Я старался читать спокойно это наивное и трогательное письмо; но раза два мой голос дрогнул, а лицо бедняжки Жанны с бегущими по щекам слезами так и стояло передо мной. Посмотрев на Иллофиллиона, я увидел знакомую суровую складку на его лбу, которую замечал не раз, когда Иллофиллион на что-либо решался.

– Этот дуралей, наш верзила, вероятно, протаскал письмо целый день, сочтя его любовным и потому скрывая его от меня, – задумчиво сказал он. – Пойдем сейчас же, разыщем капитана, и ты переведешь ему это письмо. Возьми и наши аптечки; обойдем заодно и весь пароход.

Мы повесили через плечо аптечки и отправились искать капитана. Мы нашли его в судовой канцелярии и рассказали, в чем дело. Я видел, как у него сверкнули глаза и передернулись губы. Но он сказал только:

– Еще десять минут, – и я иду с вами.

Он указал на кожаный диванчик рядом с собой и продолжал слушать доклады подчиненных о том, что сделано «согласно его распоряжениям» – для починки судна и помощи пассажирам.

Ровно через десять минут – точно, ясно, не роняя ни одного лишнего слова, – он отпустил всех и вышел с нами в отделение лазаретных кают первого класса.
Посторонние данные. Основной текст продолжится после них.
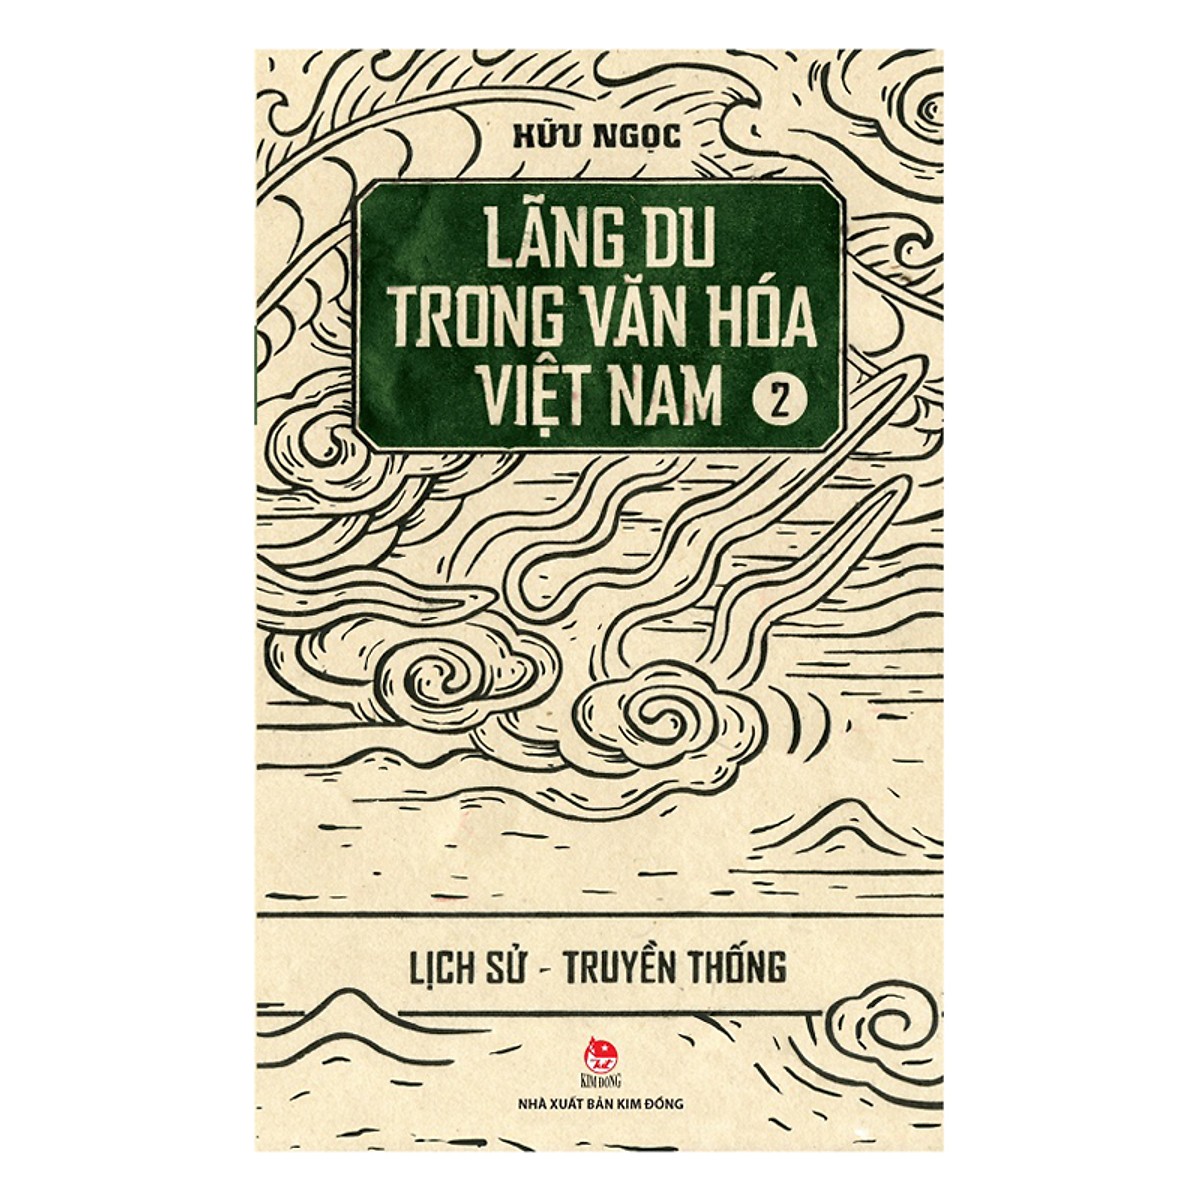 Combo 1 Cuốn sách: Bộ Lãng Du Trong Văn Hóa Việt Nam (03 Cuốn)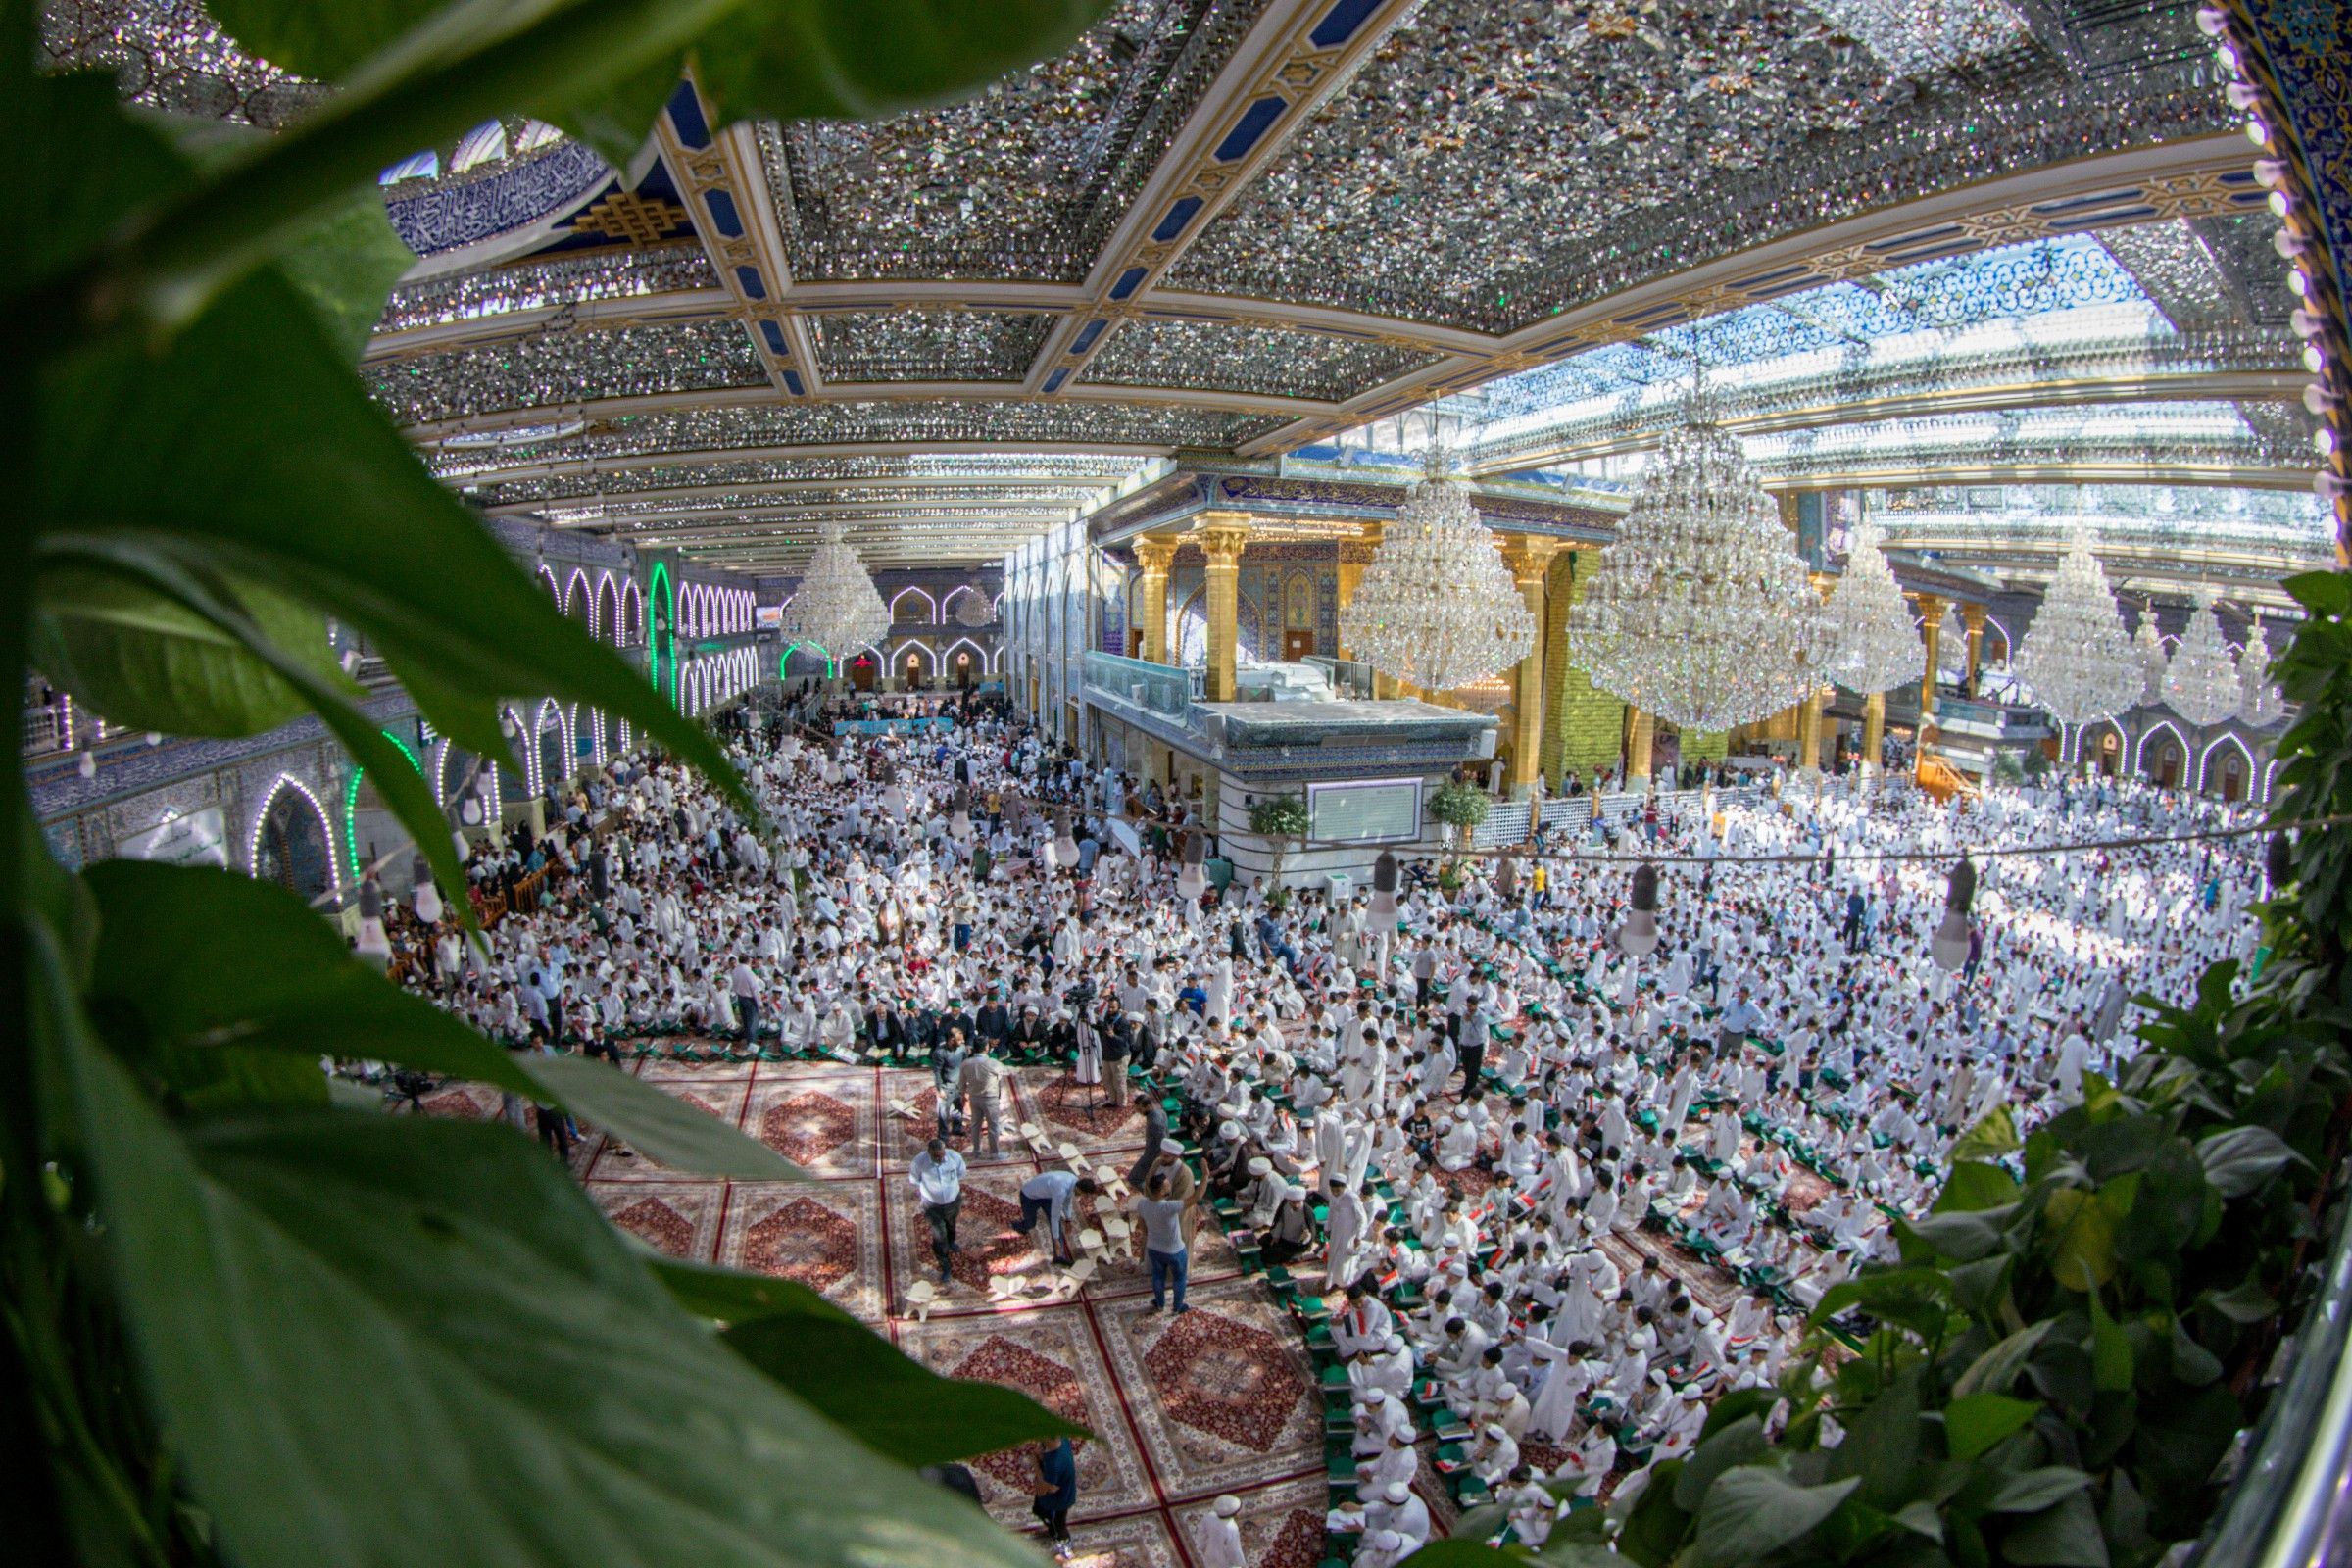 العتبة العباسية المقدسة تحتفي بتخرج أكثر من 22,000 طالب من مشروع الدورات القرآنية الصيفية

Мы поднялись по уже знакомой мне узкой винтовой лестнице и вышли прямо к дверям каюты 1 А.

В коридоре столпился народ; слышались спокойный и твердый голос врача, видимо, кому-то возражавшего, и визгливый женский голос, говоривший на отвратительном английском языке:

– Ну, если вы не желаете ее отсюда убрать, то я это сделаю сама. Я не желаю, чтобы рядом со мной ехала какая-то нищая тварь! Вы обязаны делать все, чтобы не волновать пассажиров, заплативших за проезд такие огромные деньги!

– Я повторяю, что таково распоряжение капитана, а на пароходе он царь и бог, а не я. Кроме того, это не тварь, – и я очень удивлен вашей малокультурной манере выражаться, – а премилая женщина. И за проезд в этой каюте она уже все сполна заплатила; вы же под предлогом продолжающегося расстройства нервов не заплатили еще ничего, – снова раздался спокойный голос врача.

– Да как вы смеете со мной так разговаривать? Вы грубый человек. Я не стану ждать, пока вы соблаговолите убрать отсюда столь приглянувшуюся вам девку. Вы хотите удобно устроиться и иметь рядом развлечение за казенный счет. Я пойду и сама выгоню ее! – визгливо кричала княгиня.

Доктор вспылил:

– Это бог знает что! Вы говорите не как аристократка, а…

Тут капитан выступил вперед и стал спиной к двери каюты 1 А, к которой подошла старая грузная женщина, раскрашенная, как кукла, в золотистом завитом парике, в нарядном сером шелковом платье, увешанная золотыми цепочками с лорнетом, медальоном и часами. Толстые пальцы ее рук были унизаны драгоценными кольцами.